*** Block opens ***
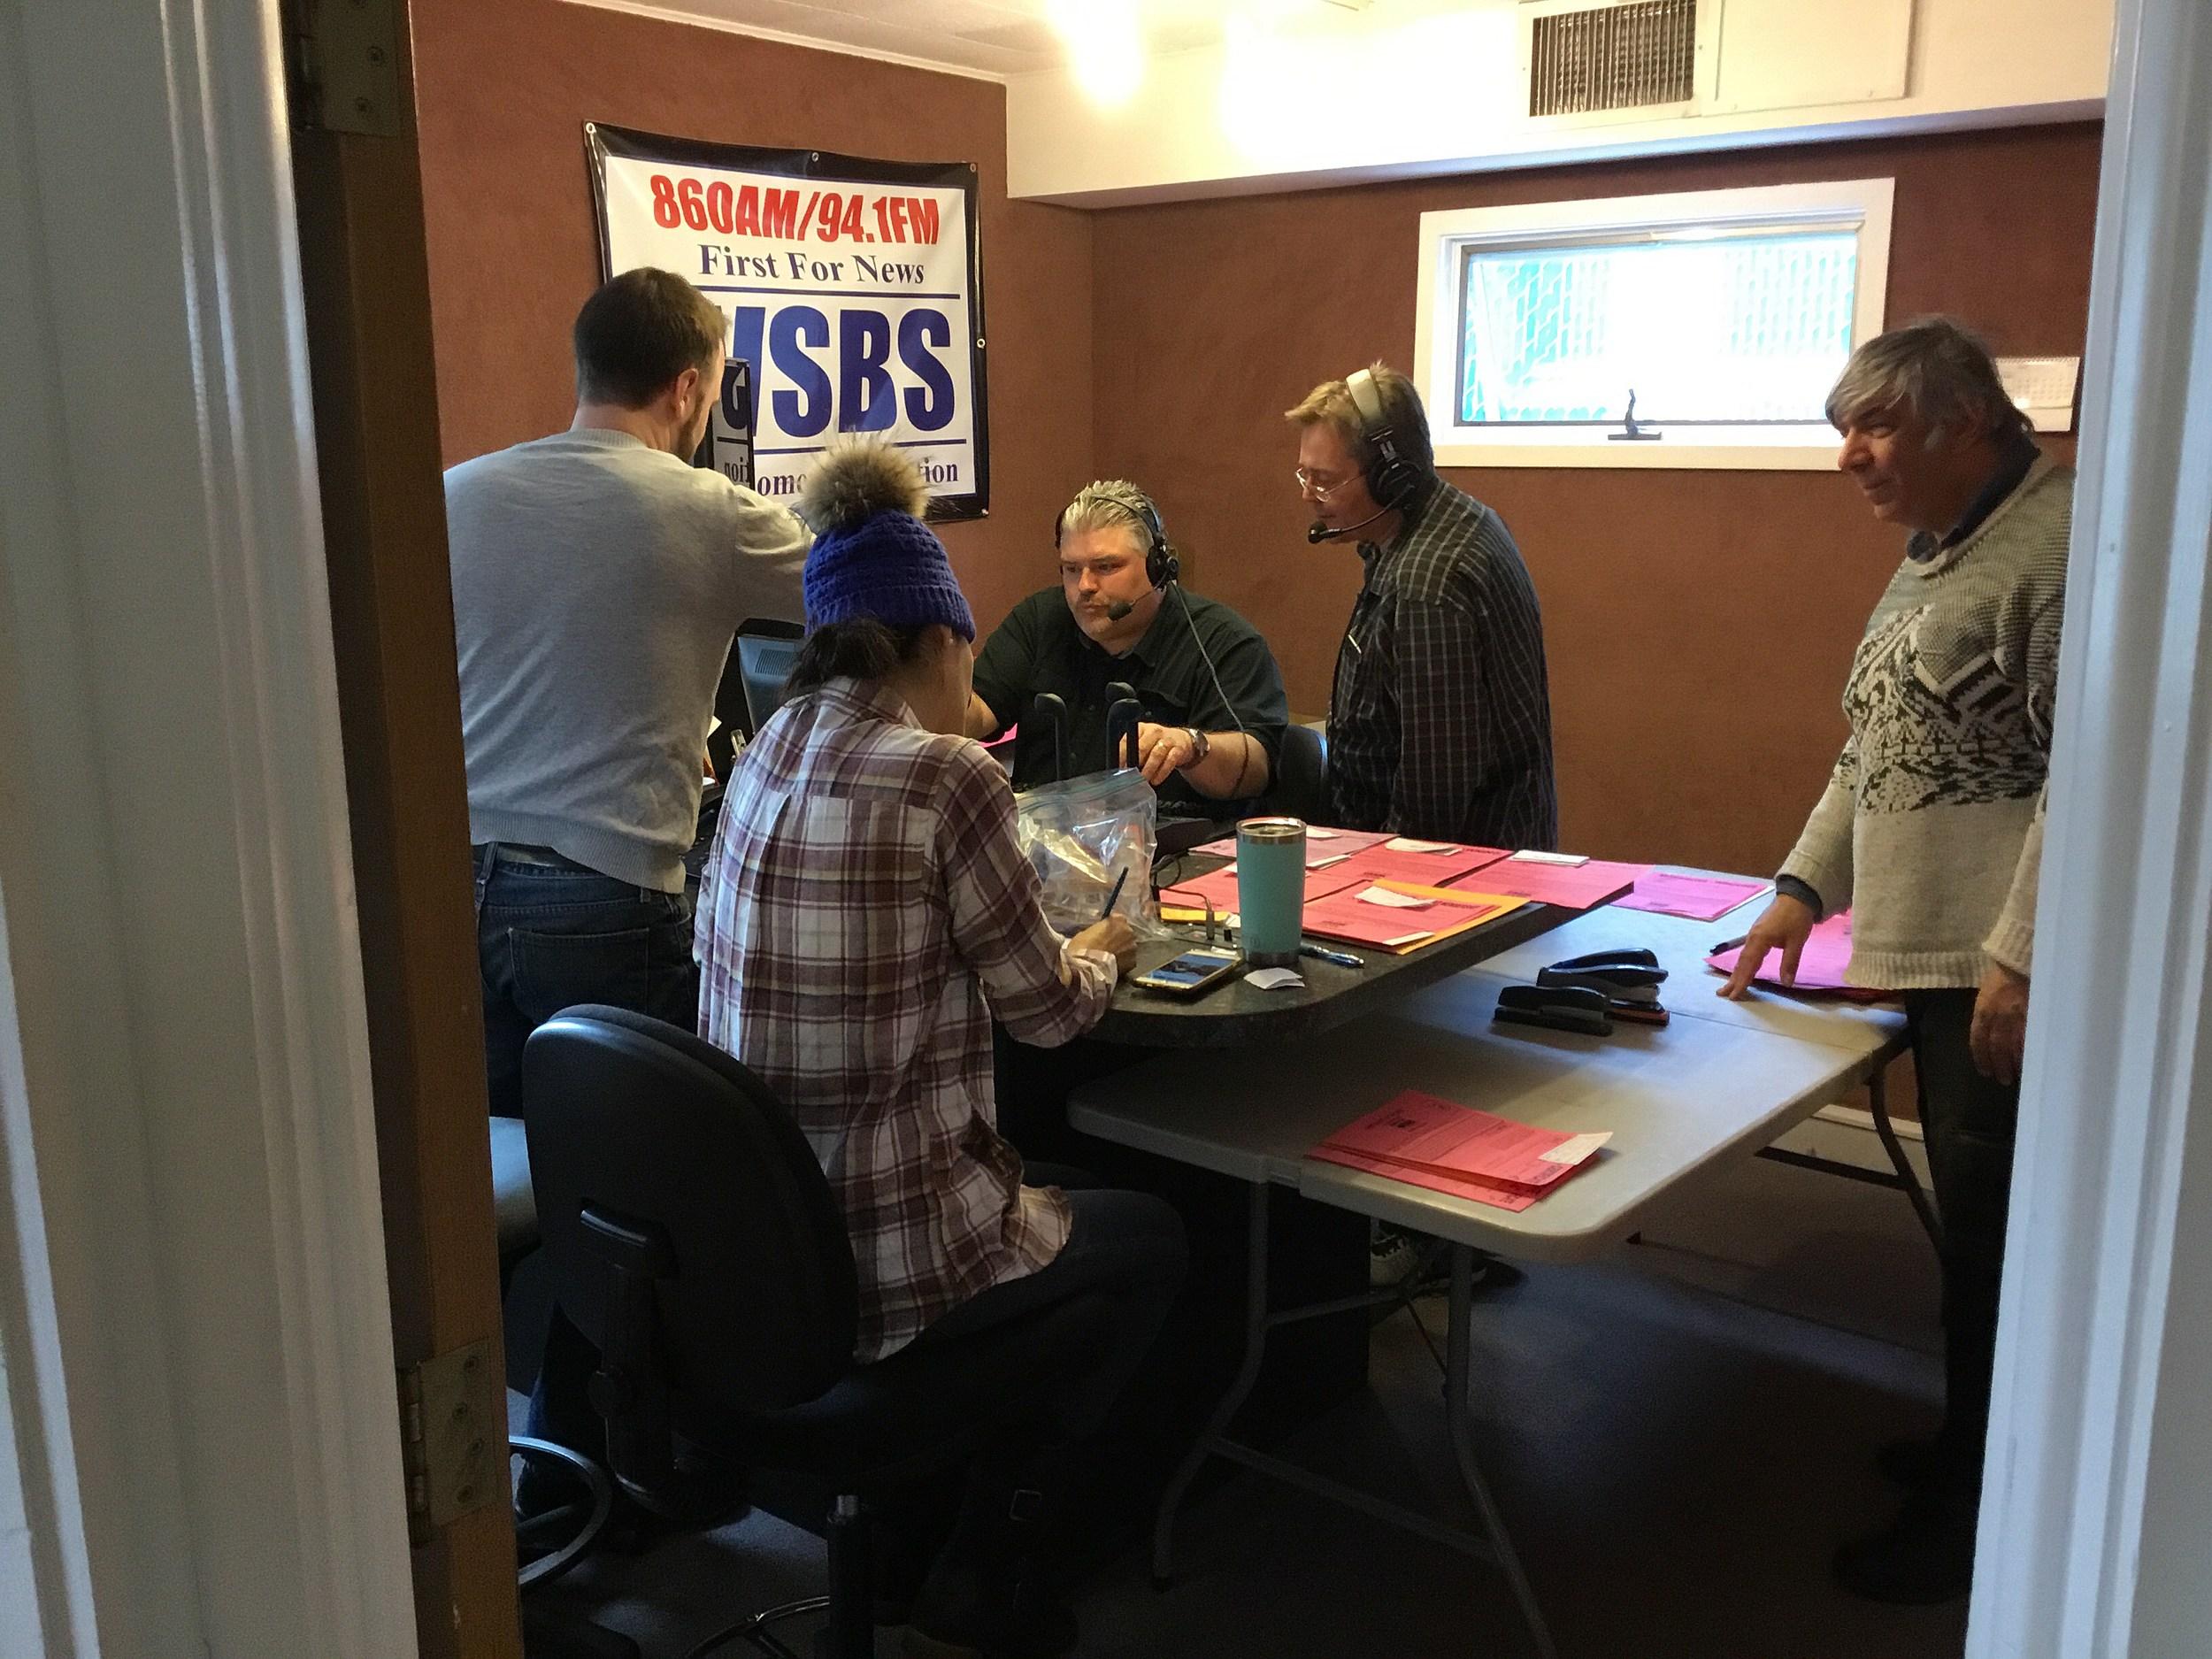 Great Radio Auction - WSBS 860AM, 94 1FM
*** Block closes ***
*** Block opens ***
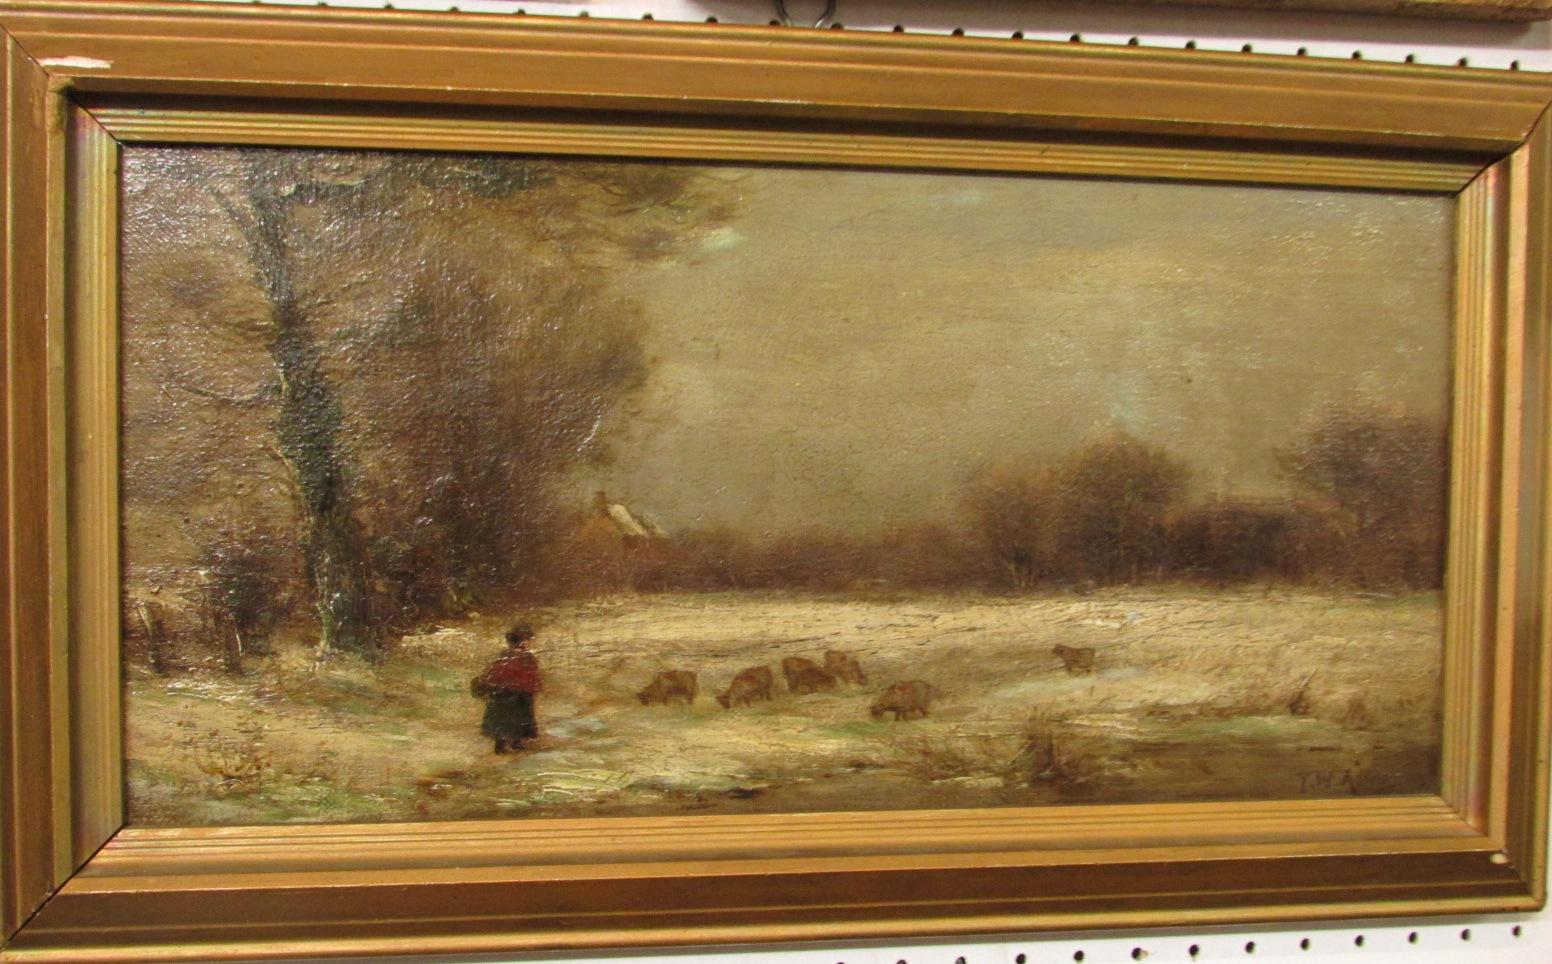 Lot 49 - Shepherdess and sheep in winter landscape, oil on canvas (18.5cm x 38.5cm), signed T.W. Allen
*** Block closes ***
*** Block opens ***
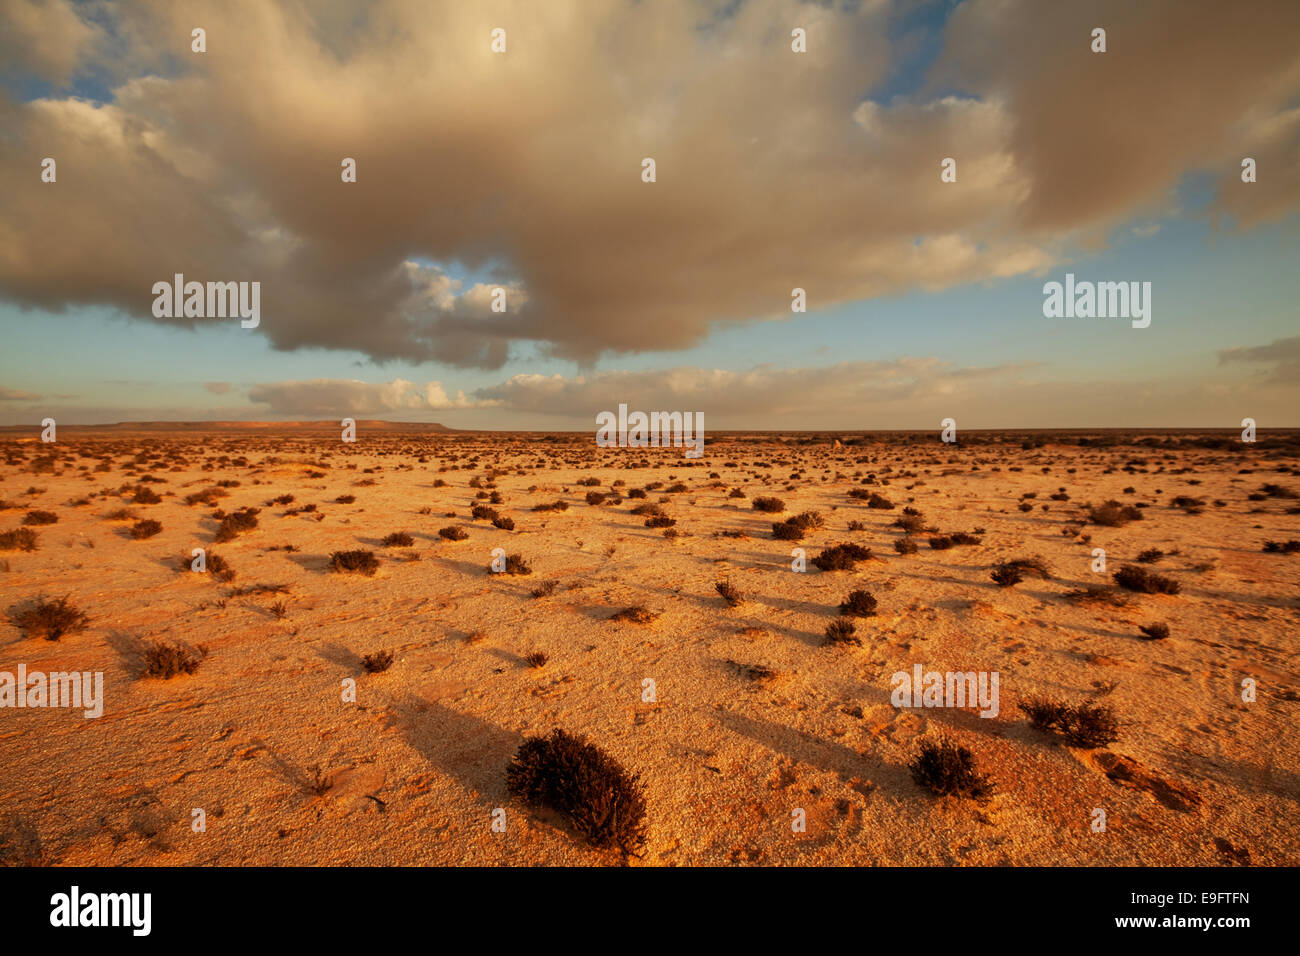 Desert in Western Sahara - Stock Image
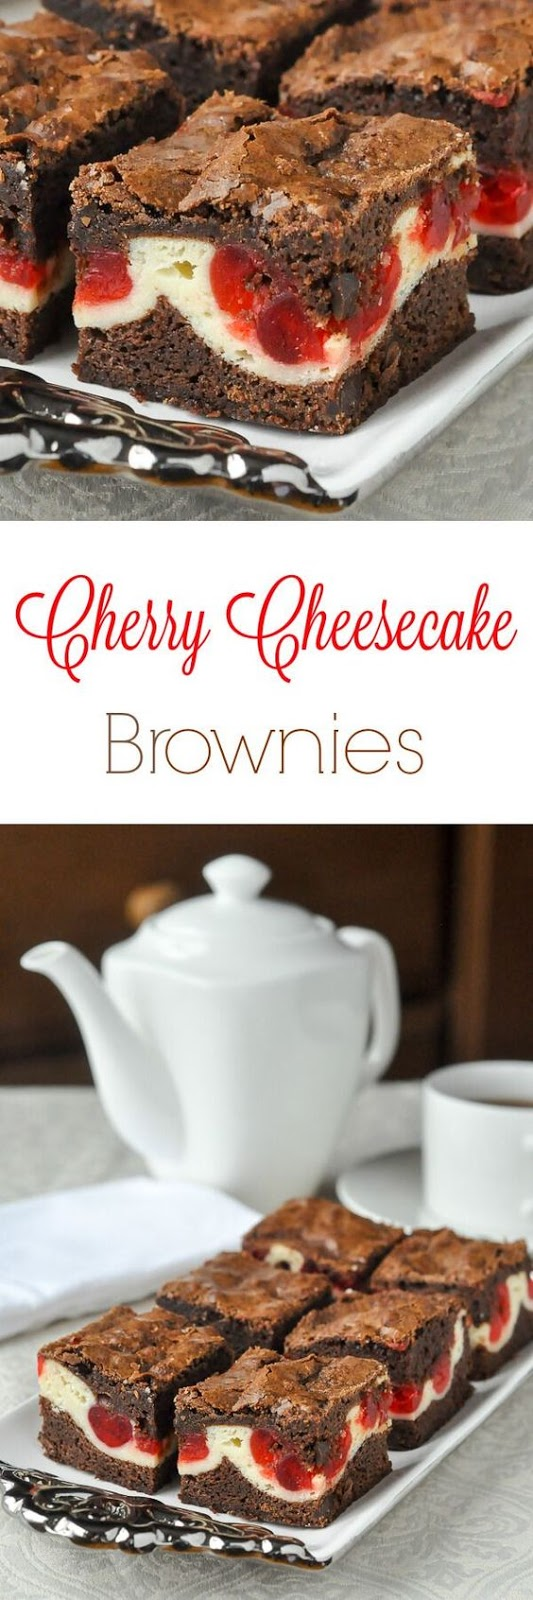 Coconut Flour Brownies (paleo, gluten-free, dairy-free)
*** Block closes ***
With the pictures omitted, copy exactly the lines of the listing above starting at the line containing "Desert in Western Sahara - Stock Image" and ending at the line containing "Coconut Flour Brownies", both included.

▸ **Answer space**:
 Desert in Western Sahara - Stock Image
 Coconut Flour Brownies (paleo, gluten-free, dairy-free)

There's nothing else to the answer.